When both lumix.toml and command-line arguments are present, the following priority order applies:

  • Output name: CLI argument (./lumix build myapp) > [project] name
  • Entry point: [project] entry > auto-detection > interactive prompt
  • Scan directory: [project] directory > .
  • Binary directory: [output] binary_dir > current directory
  • Build flags: [build] flags > (none)

Comments

TOML comments use #:

# This is a comment
[project]
name = "myapp"  # inline comments are also supported

How It Works

1. File Discovery

Lumix uses find to locate all .lx files under the configured scan path:

find <path> -name '*.lx' -type f 2>/dev/null > /tmp/luma_files.txt

Falls back to ls if find is unavailable.

2. Entry Point Detection

Scans each file for the pattern:

pub const main -> fn

The first file containing this pattern becomes the entry point.

3. Dependency Parsing

For each file, Lumix reads the content, finds all @use directives at line starts (ignoring // comments), and extracts the module name from the quoted string:

@use "module_name" as alias

4. Module Name Conversion

Standard library modules are converted automatically:

  • std_iostd/io.lx
  • std_stringstd/string.lx
  • std_memorystd/memory.lx
  • std_termfxstd/termfx.lx
  • (etc.)

5. Build Command Generation

Lumix constructs a command of the form:

luma <entry_point> -l <std_libs> <other_files> [build_flags] -name <binary_dir/output_name>

6. Deduplication

The has_dep() function checks whether a dependency path is already present in the command before adding it, preventing duplicate inclusions via string comparison.


Architecture

Module Breakdown

File Module Role
lumix.lx build Main entry point, CLI dispatcher, build orchestration
file_system.lx file_system File discovery and directory operations
parser.lx parse Parsing @use directives and file path lines
module.lx module Module name extraction from file paths
utility.lx utility Helper functions (string ops, file existence, main detection)
user_input.lx user_input get_user_input helper for prompted input with defaults
getch.lx getch Single-character terminal input, yes/no prompts
toml.lx toml lumix.toml parser and TomlConfig struct

BuildConfig Struct

const BuildConfig -> struct {
    entry_point:   *byte,   // Path to the entry point file
    output_name:   *byte,   // Binary name
    stdlib_path:   *byte,   // Path to std lib (always "std")
    scan_path:     *byte,   // Directory to scan for .lx files
    binary_dir:    *byte,   // Output directory for the binary (optional)
    run_args:      *byte,   // Arguments for run command (reserved)
    build_flags:   *byte,   // Extra compiler flags from lumix.toml
    optimize:      int,     // Optimization level (reserved)
    debug_symbols: int,     // Debug symbols flag (reserved)
    verbose:       int      // Verbose output (always 1)
};

Global Dependency Graph

The dependency graph is stored in module-level global arrays:

  • g_module_names — Module names extracted from file paths
  • g_file_paths — Full paths to source files
  • g_dependencies — Dependency lists per file (from @use directives)
  • g_dep_counts — Number of dependencies per file
  • g_visited / g_in_stack — Reserved for future cycle detection
  • g_graph_size — Number of files in the graph

Limitations

  • Maximum 500 files per project (fs::MAX_FILES)
  • Maximum 200 dependencies per file (parser::MAX_DEPS)
  • No circular dependency detection (infrastructure exists but is unused)
  • Unix onlygetch and file discovery use stty/find/system() calls
  • Local files only — no remote package management

Troubleshooting

"No .lx files found"
Ensure you're in a directory with .lx files, or that [project] directory in lumix.toml points to the right path.

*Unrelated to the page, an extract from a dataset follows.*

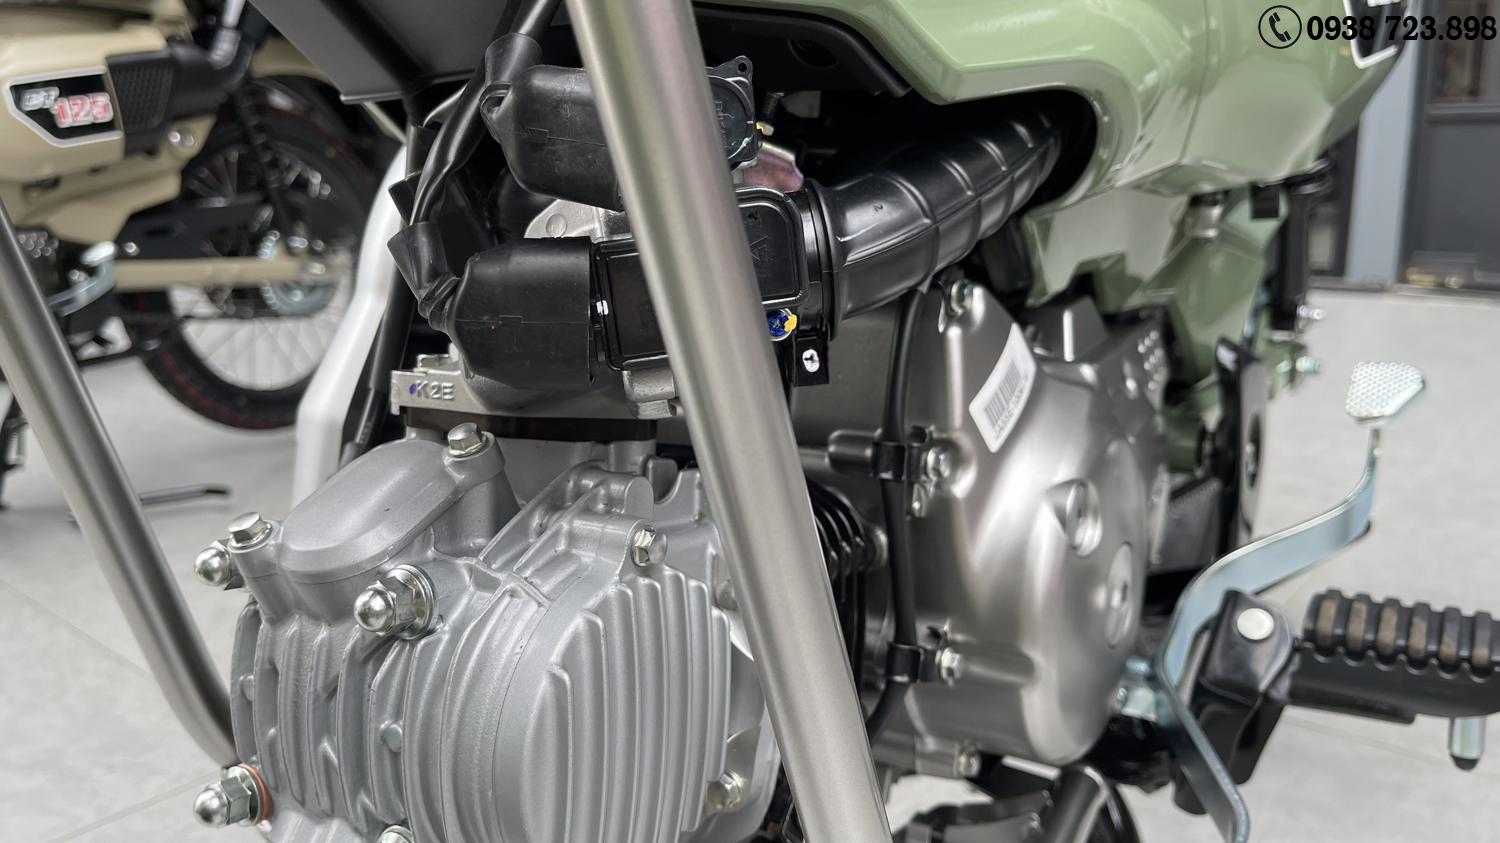 Honda CT125 2023 ABS nhập khẩu chính hãng có hãng sẵn

"No entry point auto-detected"
Make sure exactly one file contains pub const main -> fn. Check for typos in the signature.

"No output name provided"
Supply a name as a CLI argument (./lumix build myapp) or set name under [project] in lumix.toml.

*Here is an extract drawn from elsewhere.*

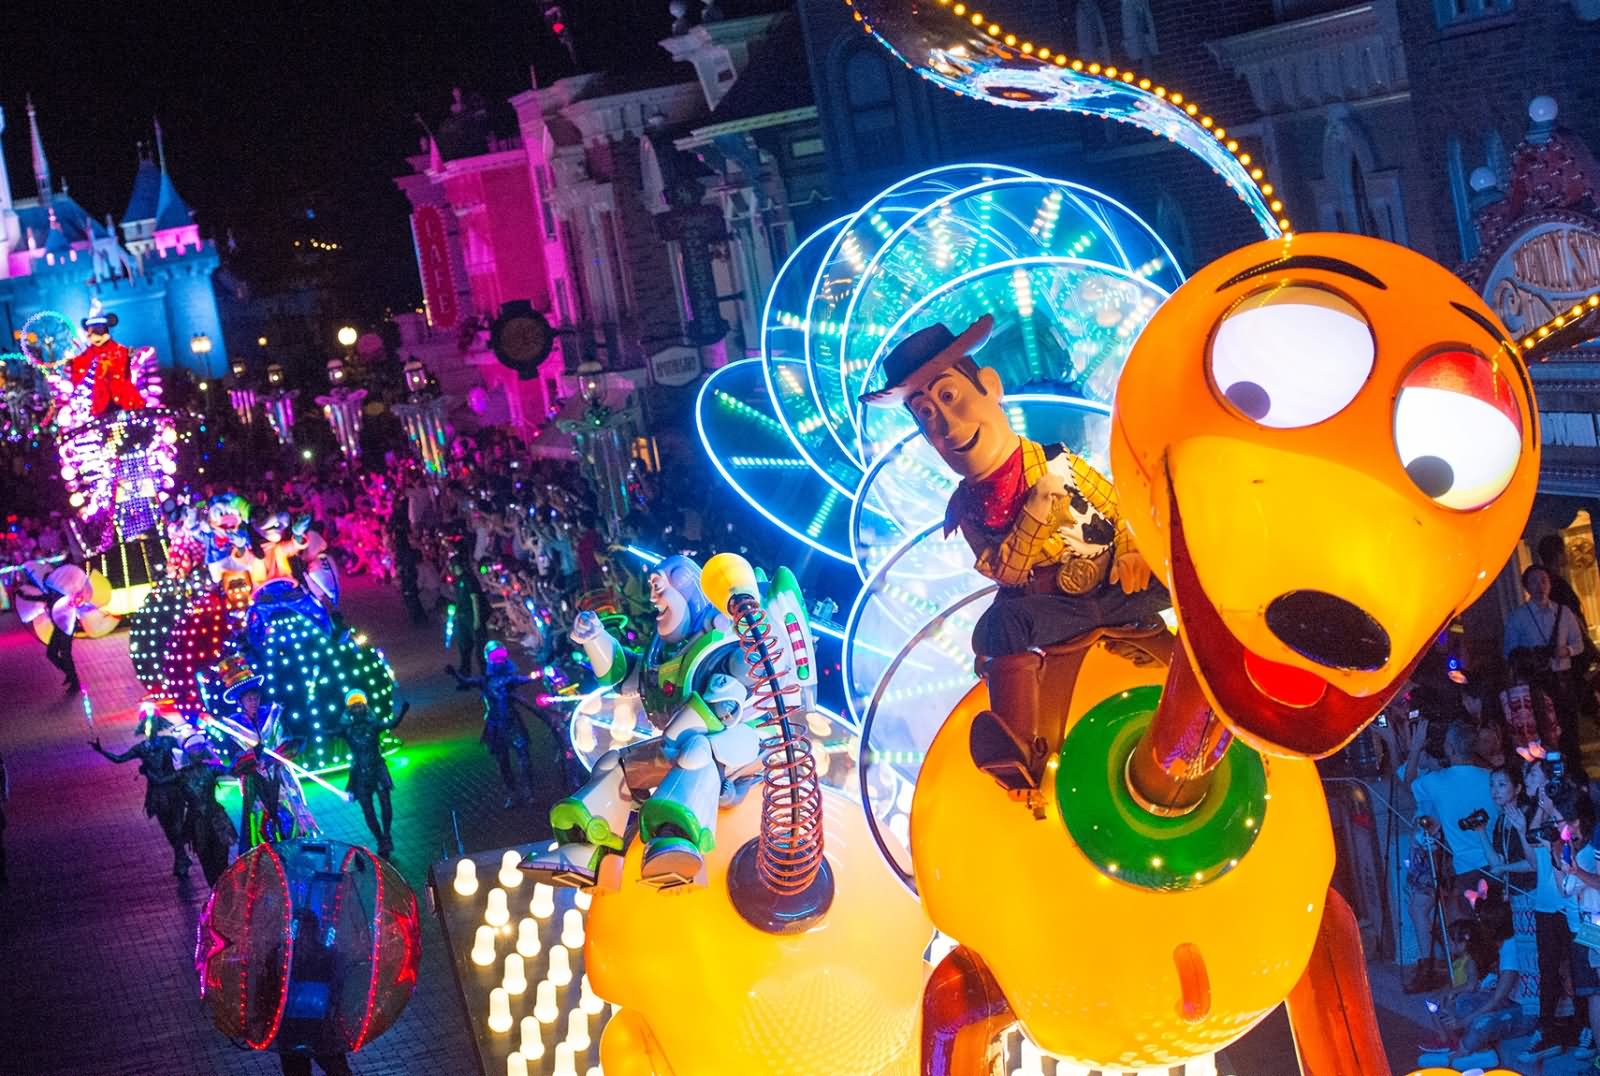 Parade At The Disneyland Hong Kong At Night

"Could not extract module name"
Files must have a .lx extension and a valid filename.

Build fails with missing dependencies
Ensure all imported modules exist as .lx files in the scan path, and that the standard library is in the std/ directory accessible to the compiler. If you installed Luma using install.sh, this should be set up automatically.


Future Enhancements

See TODO.md for planned features and improvements.